Soil erosion, namely, the detachment of particles of soil and surficial sediments and rocks, is a serious problem recognized worldwide. Essentially, erosion occurs via the forces of wind and water that facilitate the movement of topsoil from one place to another. Of such forces, water erosion is generally considered more detrimental to soils both by the volume of soil removed, and the area of land influenced. Moreover, although soil erosion can potentially occur in any land surface, sloping areas mantled with soil or loose sediment are particularly susceptible to such forces and are exceptionally vulnerable to the extent the same lack any type of vegetation, as occurs during grading or when such areas have been attacked by wildfires. Indeed, current data seems to suggest that in the United States, soil has recently been eroded at about seventeen times the rate at which it forms. Further data suggests that soil erosion rates in Asia, Africa and South America are about twice as high as that in the United States.
Due to its significance, several attempts have been made to prevent or substantially reduce soil erosion. Among the more well-known of such methods include agricultural practices, such as contour farming and terracing, no-till cultivation, strip farming and polyvarietal cultivation. Other well-known approaches include adding organic matter to soil which, by biochemical degradation, produces polysaccharides that are cohesive in nature and act to cause soil particles to stick together and resist erosion. Along these lines, products have been introduced to provide at least temporary erosion control, particularly with respect to slopes and the like until such time as trees and vegetation can take root to resist erosion. Such products include bonded fiber matrices, such as Soil Guard® produced by Mat Inc., of Floodwood, Minn., which comprises a continuous layer of elongated fiber strands held together by a water-resistant bonding agent. Such product is operative to eliminate direct raindrop impact on soil and further includes high water-holding capacity that eventually biodegrades into plant nutrients.

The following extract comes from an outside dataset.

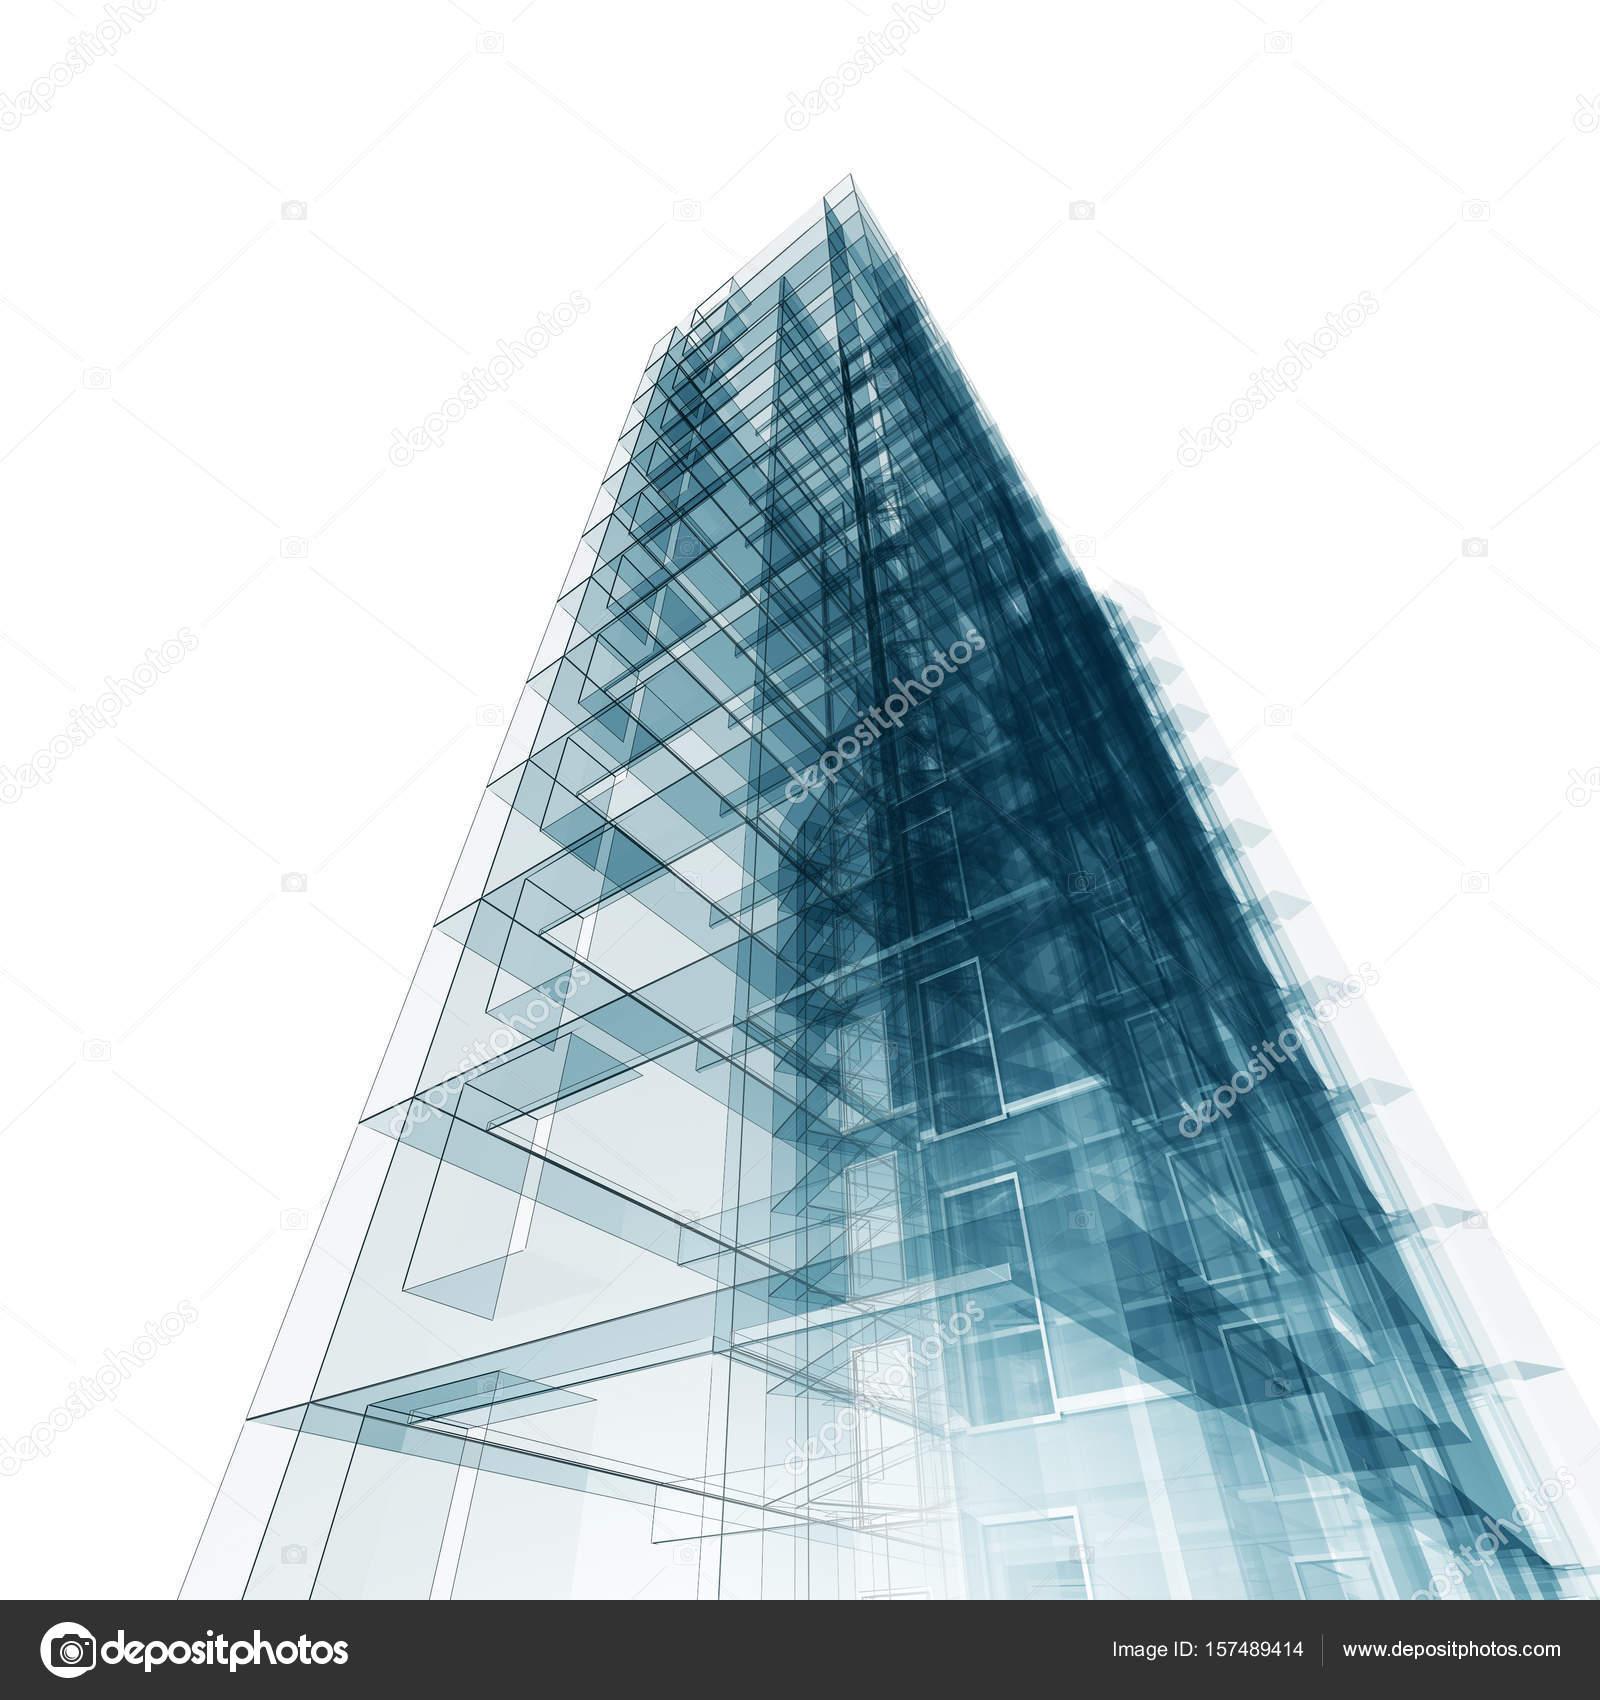 Delightful Modernes Gebäude. Architektur Design Und Mein Eigenes Modell U2014 Foto Von  1xpert
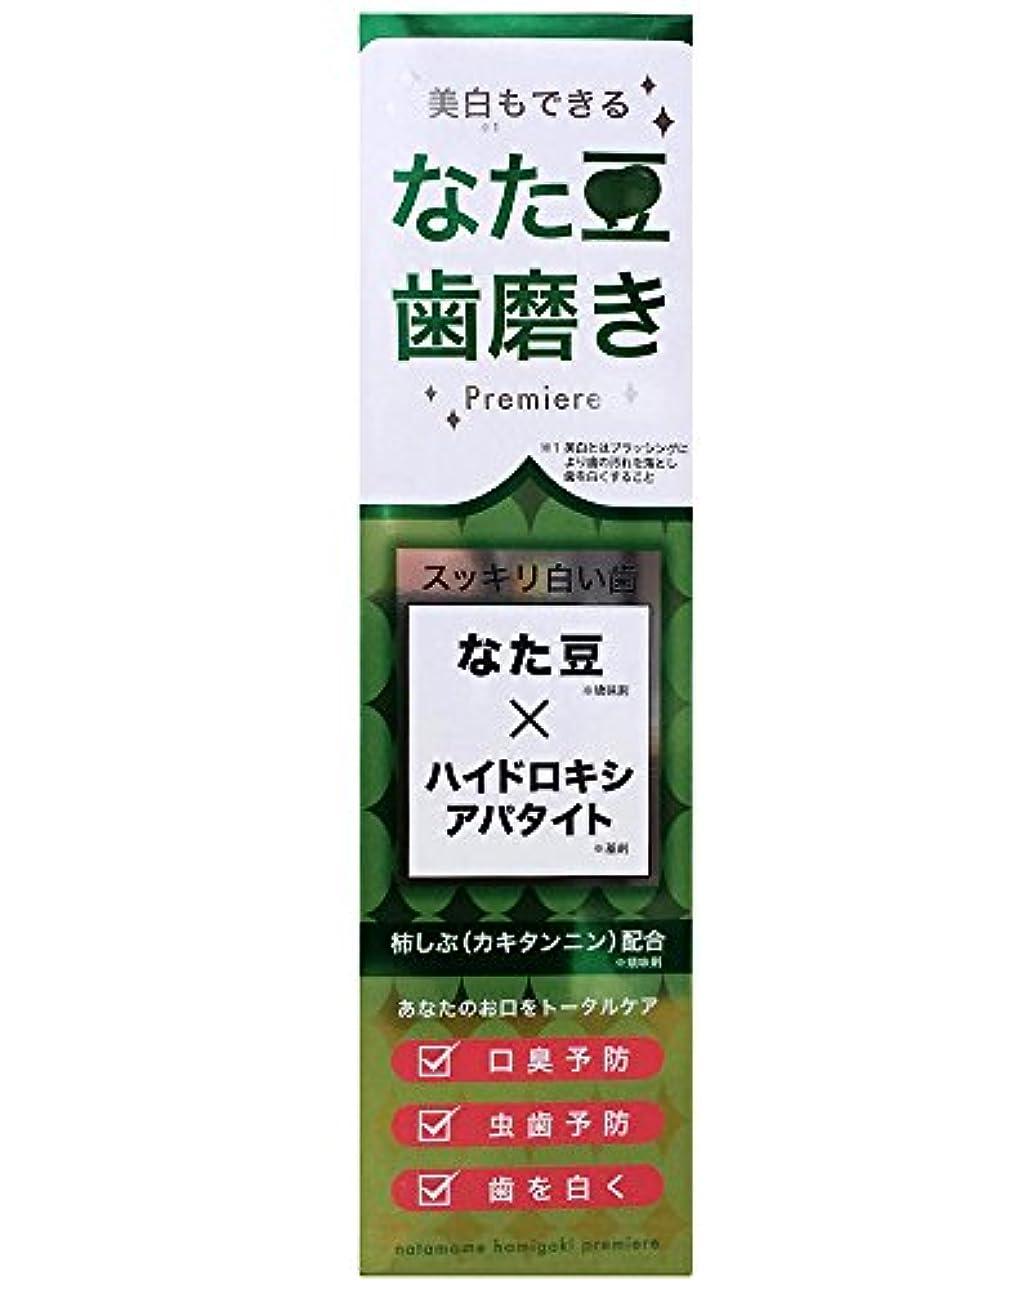 なた豆歯磨きプレミア 120g

Such products, however, are of limited effectiveness and often do not provide the degree of soil erosion resistance as is typically desired, particularly for use in relation to man-made slopes and terraces in arid regions, such as southern California and Arizona. Such lack of effectiveness can and does often affect residential and commercial property development where man-made slopes are developed to support such structures and the like. In this regard, inadequate soil erosion resistance can culminate in the destruction of condemnation of buildings and dwellings, as well as create substantial storm water pollution. Moreover, such matrices can inhibit new plant growth by acting as a barrier against proper germination.
Likewise not heretofore addressed by the prior art is the risk posed to slopes, hillsides, and the like whose vegetation has been substantially eradicated by wildfires. In this regard, the vegetation that would normally be present upon such hillsides and slopes typically act as a barrier to resist soil erosion; however, in the absence of such vegetation such earthen structures quickly erode, as discussed above. Indeed, wildfires in Southern California and Colorado evidence the extensive damage that can occur to exposed mountains and hillsides following exposure to a wildfire and even the best management practices for resisting erosion can only afford a moderate degree of protection. Along these lines, from a soil erosion control standpoint, it is generally agreed that avoiding the destruction of vegetation by wildfires will substantially eliminate the threat of erosion to a given mountain, hillside or slope and thus substantially reduce, if not eliminate, the need for supplemental erosion control via the use of one or more prior art erosion control practices.
Accordingly, there is a substantial need in the art for compositions and methods for resisting soil erosion to a much greater degree than prior art compositions and methods that is further operative to act as a fire retarding agent that substantially reduces risk of destruction to vegetation by wildfires and the like. There is further need in the art for such compositions and methods that are non-toxic, biodegradable, can be readily deployed utilizing existing, commercially-available application techniques, and acts to serve as a soil conditioner and fire retarding agent. Still further, there is a need in the art for such a composition and method that is of simple formulation, relatively inexpensive to produce, and utilizes known, commercially-available materials.